Sunday, October 26, 2008

7. Homecoming

I don't have too much to talk about this week because not much happened except for Homecoming. Since I'm a freshman, this is my first college homecoming I have experienced as a student. Around noon, I went and ate some lunch at the Caf with one of my friends. It wasn't the usual where we had to stand in line and the lunch ladies served us. They had the food set out on tables and you could serve yourself. I guess that was just apart of the homecoming festivities. Anybody could go in and eat for free from what I could tell.

After I ate my friend and I just chilled in the room for a while then we went outside to watch the parade. There were many tailgaters outside enjoying the homecoming atmosphere. I heard a drum beating as well and I assumed it was some sort of tradition for homecoming at MC. We got to the street the parade was going down and we found a seat to watch for a little while. It reminded me a little bit of high school with all the floats and the homecoming court.

It was a pretty fun atmosphere and it was relaxed. It made me glad I could just be around the festivities and not have to worry about school work or anything for a little while. I know this has nothing to do with the mission statement, but I honestly didn't have anything that related to it.

Sunday, October 19, 2008

6. Service project

I actually like service projects. It makes me feel accomplished that I did something good for somebody else. My classmates and I had to do a service project for English Comp, just like the rest of you. I had signed up for the one that was at these apartments in Raymond on Thursday. We were supposed to play with kids and stuff. I really like kids, so I thought it would be pretty cool. Plus, it was only supposed to last 2 hours.

I figured there would only be a few people there to play with a bunch of kids. It was the complete opposite. When I first got there, there were about 20 students to one kid. Seriously, there was only one kid. As soon as I noticed this, I started thinking how I was going to profile a kid when there was only one and everybody (for the most part) was playing for him. Others were just standing off to the side and I have to be honest, I was one of them. I didn't know what to do with just one kid.

I stayed there for about an hour and left early. A few more kids showed up but not enough where there were enough for all of the students. This discouraged me and I felt like my experience was just a waste. We were made to do this service project but I feel like this should be optional. The students who want to do the service projects should volunteer. The ones who don't want to shouldn't have to participate in these projects. I honestly think this would create a better experience for those who want to be there since there would be less of them and more kids to play with and profile.

Sunday, October 12, 2008

5. Fall Break

I was pretty excited about this fall break. We have a bye week in football so I went home this Friday. I've stayed at my parents house Friday night and Saturday night, and will stay here Sunday night as well. I plan on going home Monday morning because we have football practice that afternoon.

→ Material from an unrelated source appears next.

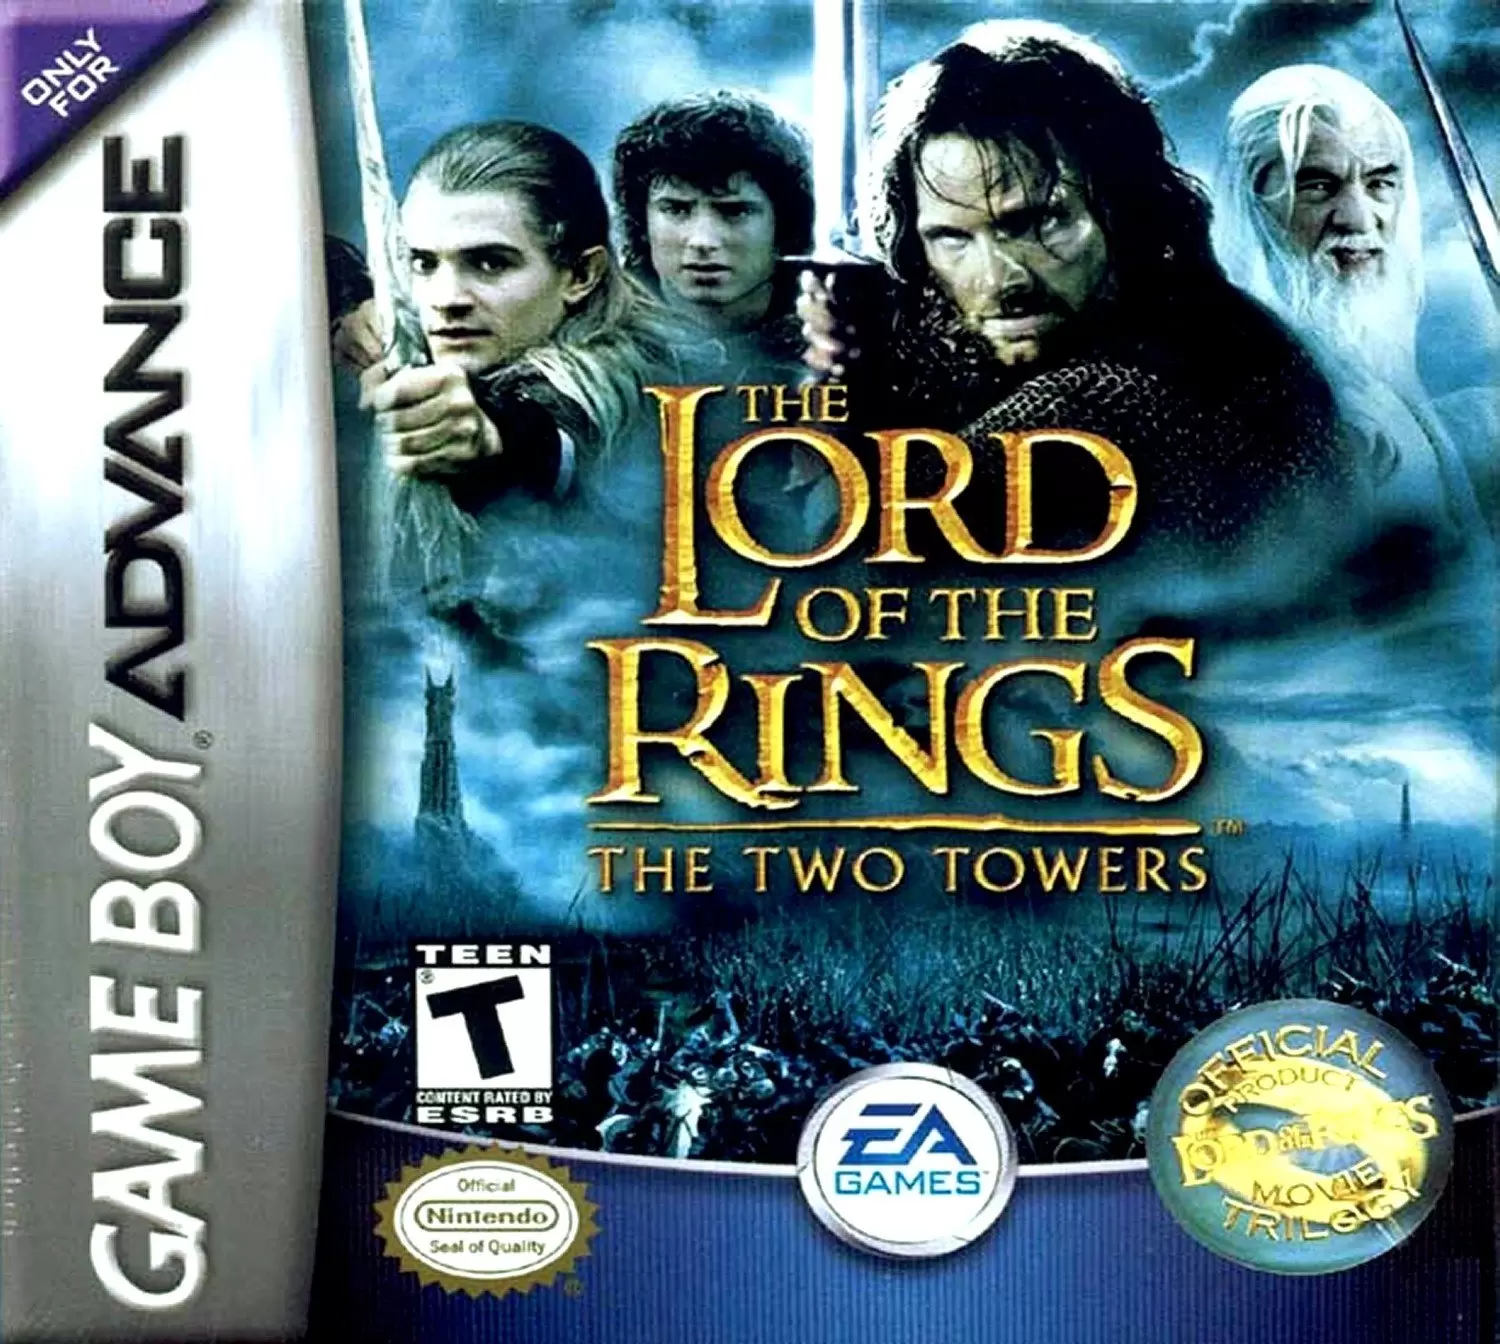 Game Boy Advance Games - The Lord of the Rings: The Two Towers

Anyway, I've spent most of my break spending time with my family. It has felt so good to be home and away from school for a while. I haven't really done much school work or studying because surprisingly, most of my teachers have told me to not worry so much about school work and just relax this weekend. Even Dr. Randle said our response papers aren't due until Wednesday (I think). I have even more respect for my teachers than I already had because they're not pushing the students to continue working hard over the break. They know that we need time off to let our minds and bodies rest from their demanding classes. To me, this demonstrates excellence in education as well.

I hope everybody is having a great fall break. For you over-achievers out there, just take a break this weekend. I know it's great to stay on top of your school work and I am still in the process of learning how to do that. It is also good to settle down for a bit and not worry so much.

TJ

Sunday, October 5, 2008

Blog 4: Being away from home

I label this number four because I wanted to keep up with everybody else since I missed last weeks blog; and for that, I apologize. I've been thinking about being away from home lately.

College is supposed to be a great time in a person's life, if they choose to attend, of course. Most kids want to "let loose", so to speak, and get away from the home life for a while. I was thinking that before I came here. I just wanted to get out and be on my own. I have found that to be hard as of right now. I hate being so far away from home. I'm five hours away from family and friends that I grew up with and lived around all my life. I'm making good grades right now but I am not enjoying myself as much. I thought I would be having the time of my life but instead, it's almost dreadful right now.
I've made friends that I really enjoy, but I miss my old friends too and being able to hang out all the time. Now it's hard to even hang out with my new friends because of all my classes and football. Even when I have a little spare time, I need to be studying. But I guess that's just a part of college wherever you go. I guess I never really planned on moving so far away from home and if I was going to, it was going to be fine and dandy anyway because I wouldn't have minded being far away from my family and friends. I'm here to tell you that right now it's not that great and I wish I was somewhere just a little bit closer. Not so close that home is 15 minutes away, but somewhere where I could come home on the weekends and not have to leave so early on a Sunday because it's such a long drive back.
This is just something I've been thinking about a lot lately. I don't know if you will necessarily enjoy reading it, but hopefully you will understand on where I'm coming from and who knows, you may relate to it.